TGS 2004: Hands-on with the Sony PSP
Despite a spate of playable games on a variety formats, huge showings from the likes of Sega, EA, Capcom and Microsoft, not to mention an impressive array of scantily glad Japanese beauties in various states of undress; there was only ever going to be one star attraction at the Tokyo Games Show 2004. The Sony PSP. Having won domination of the console industry, the Playstation brand has now turned its attentions with predatory gaze on the successes of Nintendo's various gaming handheld devices. Of course, Sony publicly state that the PSP is not intended to rival Nintendo's various offerings, but comparisons are inevitable - especially as both firm's attempt to widen their respective audiences.
Nintendo are of course the company with the handheld brand and pedigree, and their cheaper DS is coming out earlier than the PSP too. That said, the specifications touted for Sony's competitor are formidable in the extreme - and you get the impression Sony are serious about making a splash in this burgeoning gaming sector. So, now we've played it, is it any good?
Well, the first thing to be said of the PSP is that there's a broad range of launch titles on the way, as demonstrated by the twenty-plus games in various states of playability available at TGS. Some titles are of course more original than others, and it was easy to note that at TGS most of the games seemed to cater for Japanese tastes, a series of RPGs and puzzle style games proving noteworthy if unexceptional in this respect. Then there are more predictable stalwarts of any new format, an EA racer, being the most prominent in the shape of Need for Speed Underground Rivals. I had a few minutes playing this game, and must say that for a handheld the graphics are looking lovely, the controls slick and all in all the game conveyed the impression that it could certainly match whilst not better many PS2 racing games.
Also on display and of note was Rez creator Tetsuya Miziguchi's Lumines, a bizarre puzzle game themed around issues of light and dark which certainly looked original, even if the quirky colourful gameplay coupled with Japanese language use did leave me feeling that what I was experiencing was somewhat lost in translation.
Metal Gear Acid also appears to be shaping up well - again proving graphically staggering (for a handheld), and offering the kind of rich gameplay previously impossible on a handheld system.

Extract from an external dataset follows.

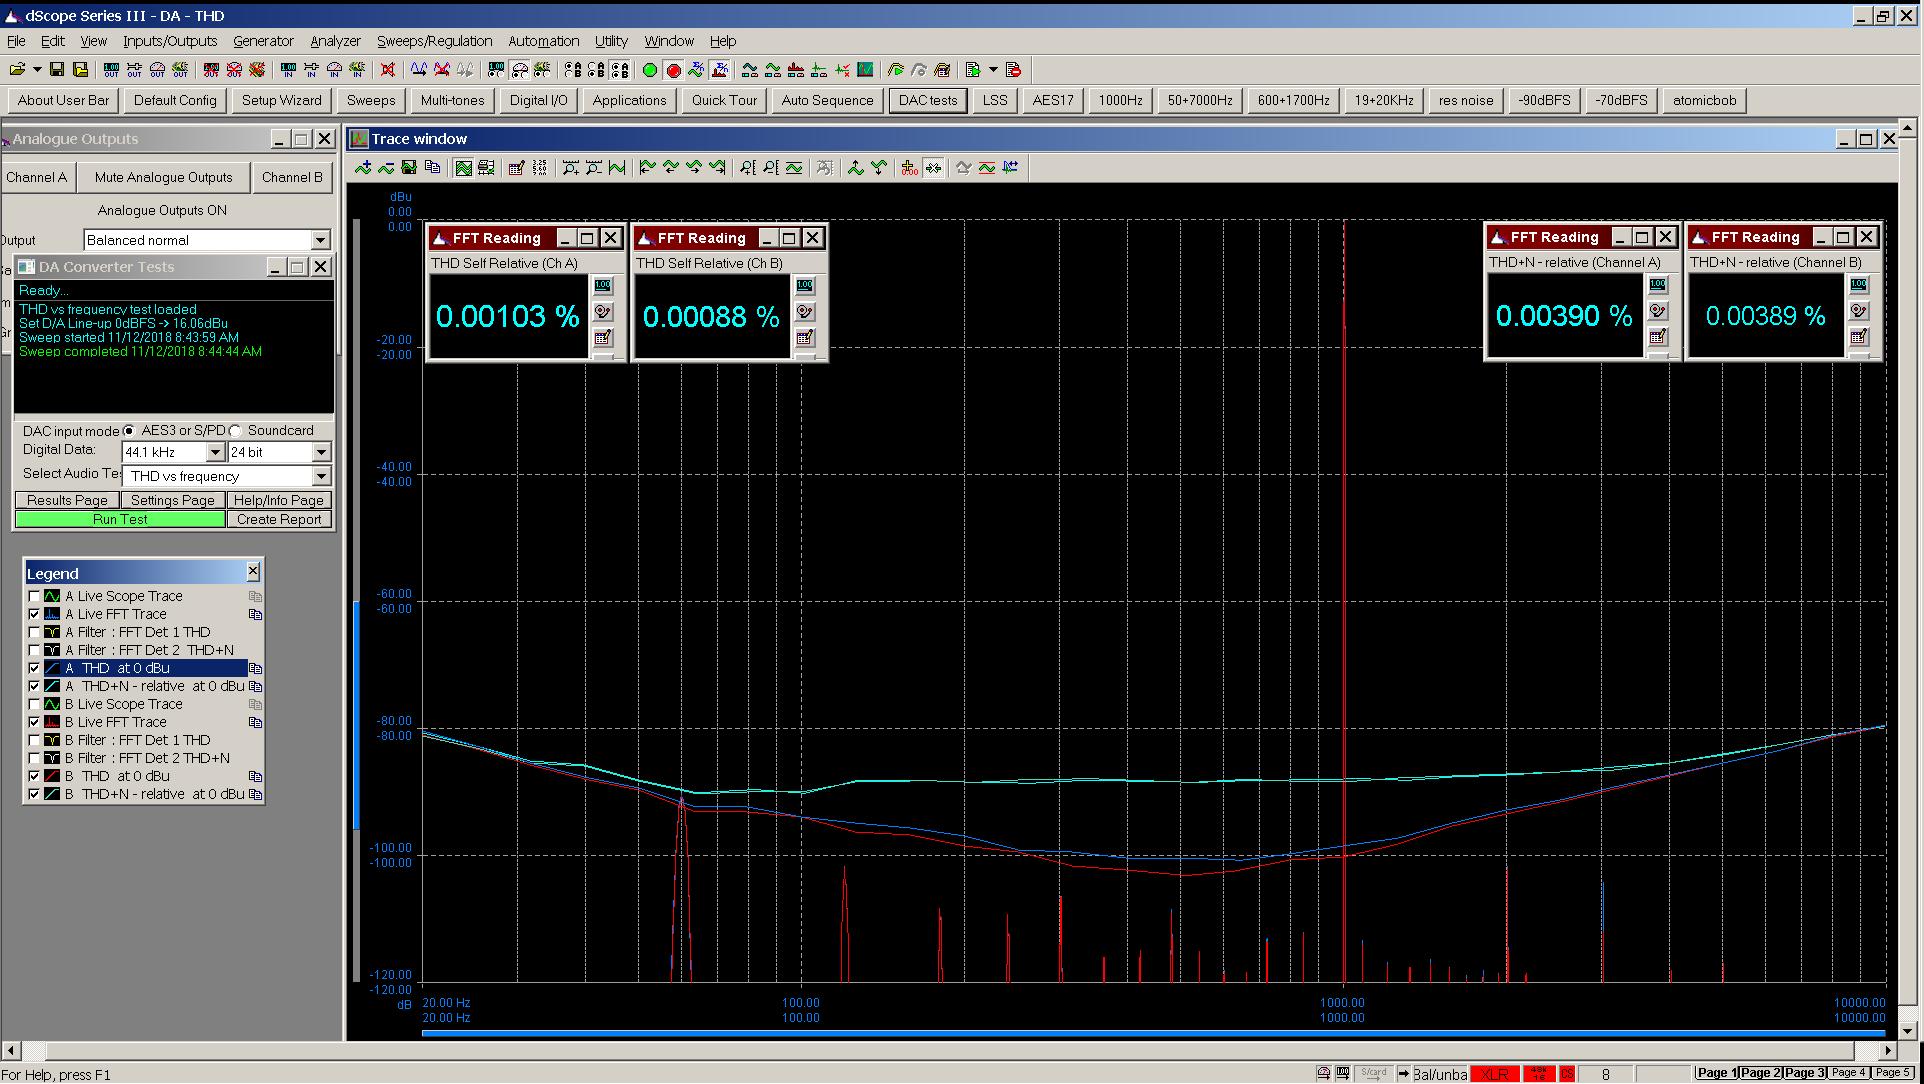 20181110-11 LiqPlat THD THD+N vs Freq 30R SE-4XF - NoiseNuke.png

That said, I didn't play enough to deduce whether Acid offered anything original beyond the Playstation favourites we're accustomed too - and this generally is one of my initial concerns regarding the games on offer - do they bring us anything new? Or are they, in the main, re-hashes of PS titles or variations on GameBoy games. We shall have to wait and see on this front - and indeed even if this does turn out to be the case, is it a problem - given that games this involving, diverse and eye-pleasing have never been possible on a handheld gaming platform before.
Having voiced this concern, I am pleased to report that there are some quirky, fun and original looking titles that do appear to be coming along nicely - in the main games not based on safe, established franchises. There was a Golf game (of Japanese naming) that was looking rather fun, not to mention the retro Vampire Chronicles, Lumines, and Armoured Core Formula Front, so I think we'll have to reserve judgement until release before debating Sony's software strategy.

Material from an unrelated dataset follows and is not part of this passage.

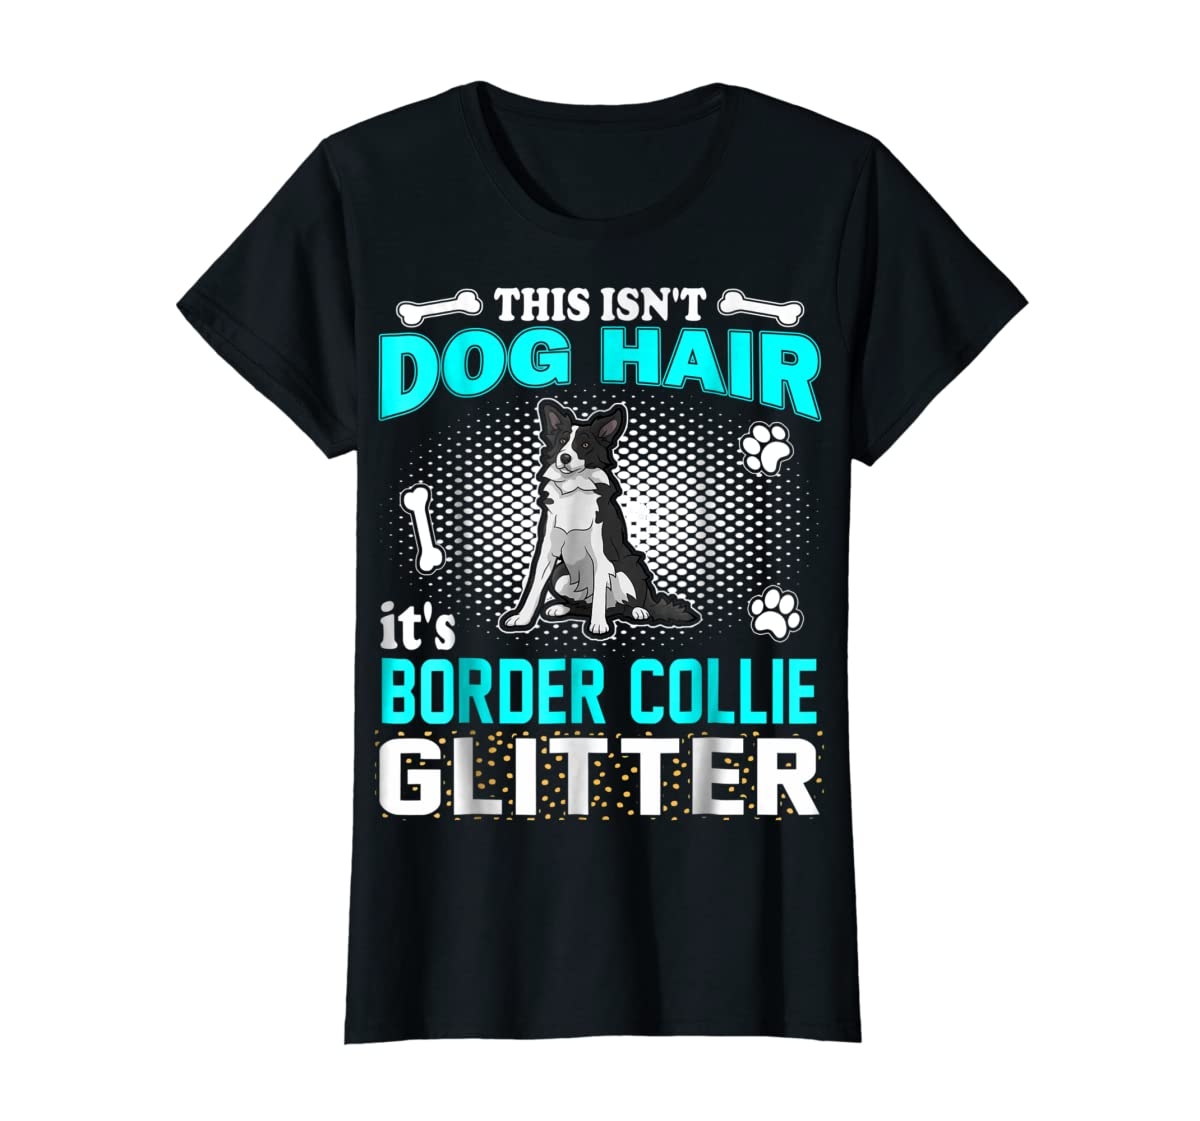 This Isn't Dog Hair It's Border Collie Glitter T-Shirt-Women's T-Shirt-Black

On to the system itself then. As you'll see from the photographs related to this article, the PSP is a rather large 'handheld', certainly when compared to Nintendo's previous machines. It's actually rather heavy too. Of course, in return for this extra mass you get very well positioned and proportioned buttons / controls, and a huge wide-screen, which does wonders for the super-sharp visuals of the games. There's also a strange nipple-like joystick control, which worked okay in Need for Speed, but I can imagine working far better in games of another genre. Suffice to say, the PSP isn't quite as pocket-sized as many of you may have hoped.
With the power of the machine also comes another problem - the power. Admittedly, the PSP I played was - I was told by my guide - not a final version, but still the battery life was only estimated at two-hours, and for a machine supposed to be only two months from launch this isn't a good sign. I was however told that discussions regarding battery life were ongoing and that the final version of the hardware may benefit from longer playing time. Let's hope Sony can improve this, as two-hours seems rather short to us. Popular Science magazine this month counters this situation too, citing experts who suggest the PSP will last eight hours gaming, and ten playing music - which is far better than my demonstrator this afternoon implied!

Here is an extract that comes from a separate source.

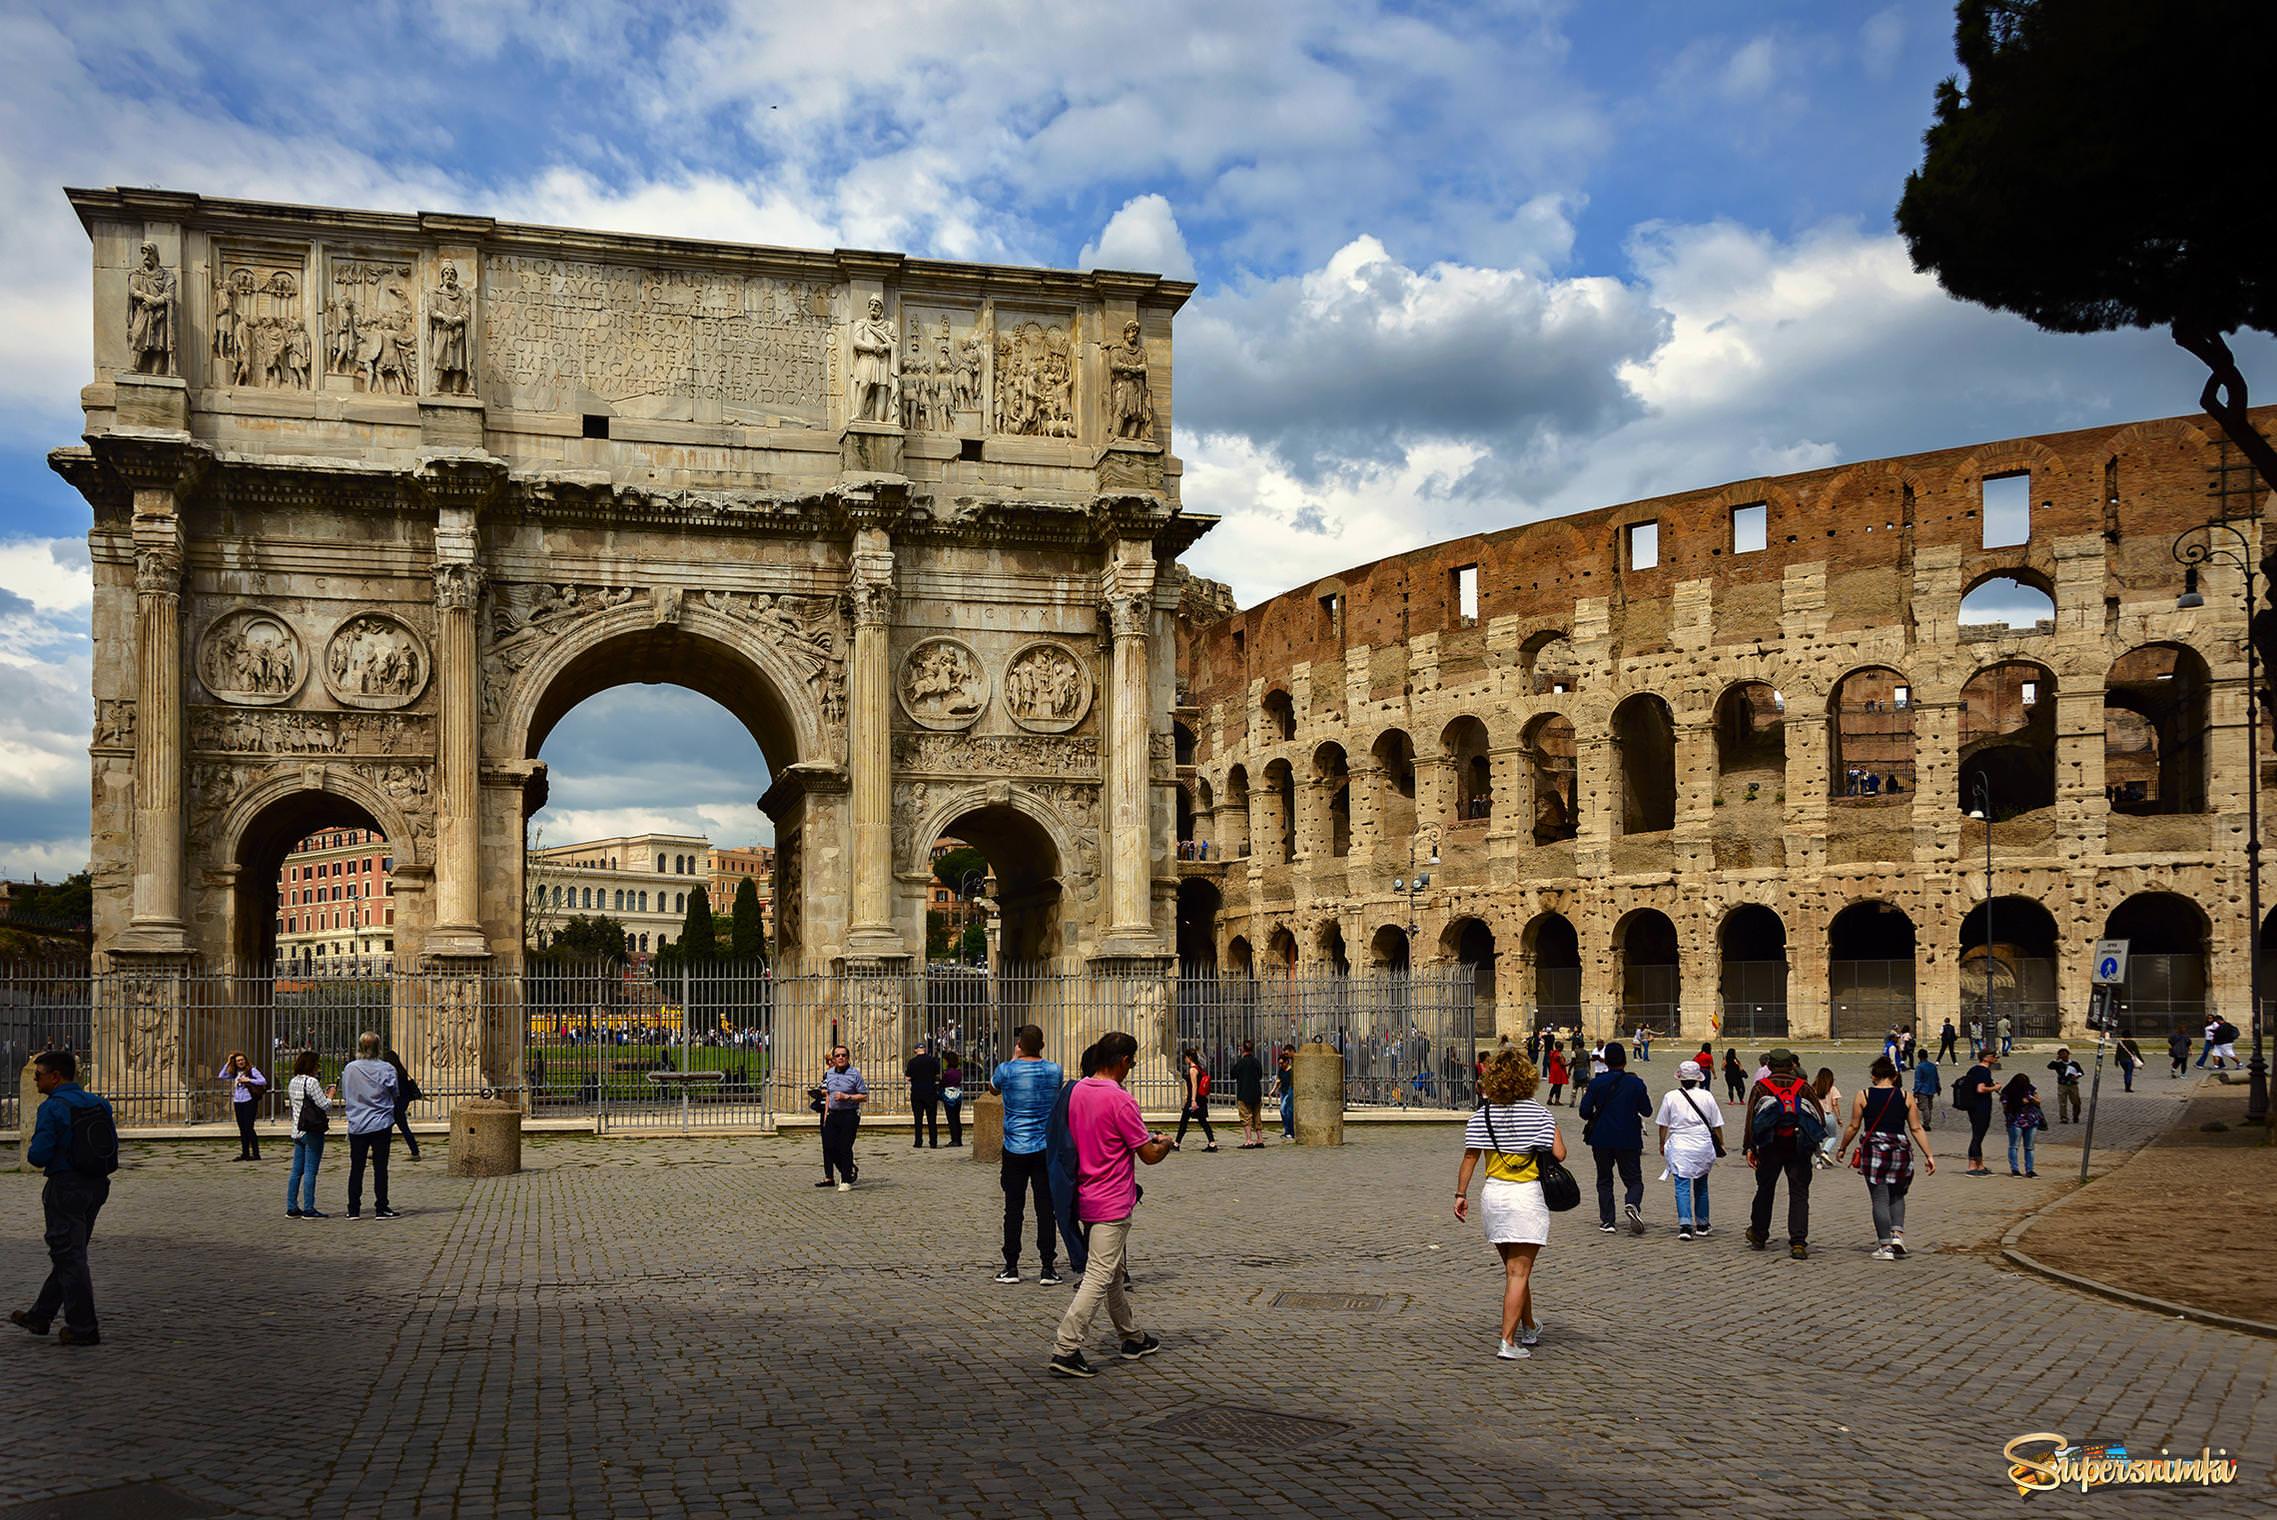 древний рим архитектура кратко фото считаете

So, all in all my brief gander at the Sony PSP was a highly interesting one. All appears to be going well on the games front, and I'm convinced more titles will be revealed in due course, Sony ensuring an impressive roster of titles covering all bases. The size and battery issues are altogether more of a gamble for Sony, I think. It certainly looks the business: sleek, stylish and very expensive - but it isn't going to slip into a trouser pocket too easily, and some may find it too chunky for use as a music player too. This said, if the movie playing functionality lives up to expectations - then this may redeem the seemingly inconvenient size. On the battery front, we'll just have to wait and see, as reports appear conflicting at this stage. We'll keep you posted, naturally, and bring you more as we get it.